As mentioned before, titanium is very sensitive to oxygen contamination, so one important factor is maintaining the proper shield gas coverage, and allowing the weld to cool without letting oxygen in. Argon is the shield gas of choice for titanium welding. The argon MUST be 99.99 percent pure; otherwise it can lead to some yellow-straw discoloration and a brittle weld.

Use a high-quality TIG torch, checking all gas connections and supply hoses, ensuring there are no leaks. Also check torch insulators and o-rings for proper fit and seal.

Be sure to adjust the flow rate for optimum coverage and torch cooling without creating turbulence.

Use a 1″ (25.4mm) large nozzle with a gas lens or gas flow straightener.

Titanium is sometimes welded in a purge chamber to surround the weld with shielding gas.

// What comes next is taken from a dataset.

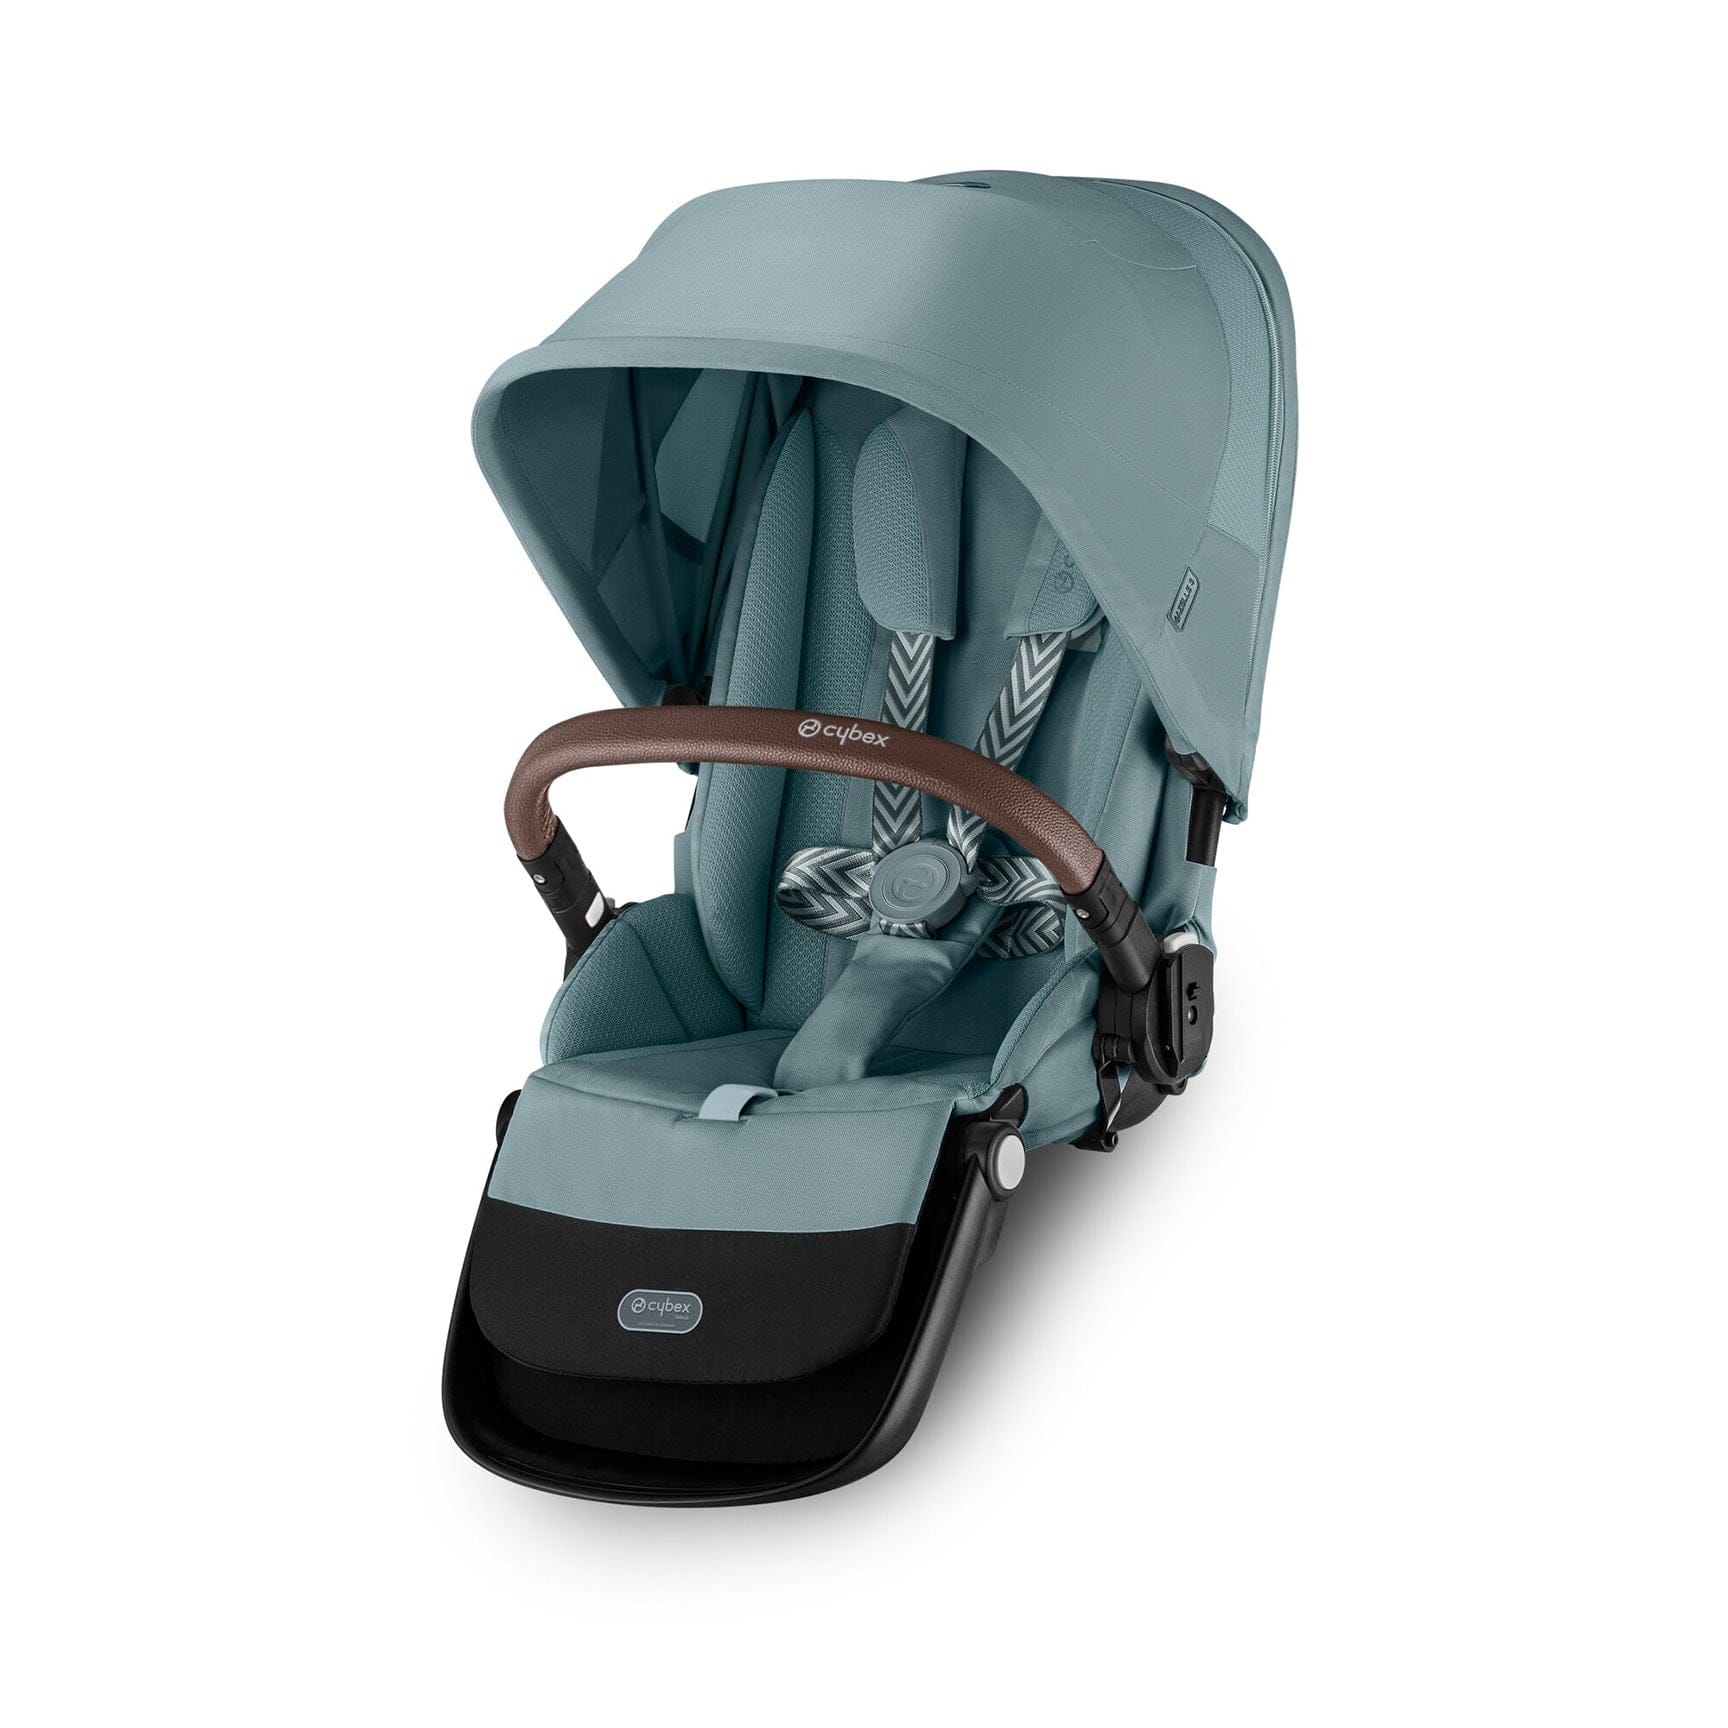 Cybex baby prams Cybex Gazelle S Seat Unit - Sky Blue 522002769

However, this is not always a practical or economically viable solution.

Trailing shields attach to the trailing side of your TIG torch to supply additional shielding and protect the molten weld puddle. Generally trailing shields require a secondary gas source and are often custom-made for a particular torch and application; however there are some good off-the-shelf options available as well.

Arc-Zone carries a complete line of high-performance engineered trail shields, as well as other trailing devices.

A low-cost, high-quality alternative to trail cups and other purge welding devices is Arc-Zone’s MonsterTM Nozzle, a No.16 (1″ / 25.4mm) orifice, 1-1/8″ (28.5mm) long, constructed of non-conductive ceramic with fine and coarse replaceable screens secured by a stainless steel snap ring.

Always use a backup shield device to protect the root side of the weld.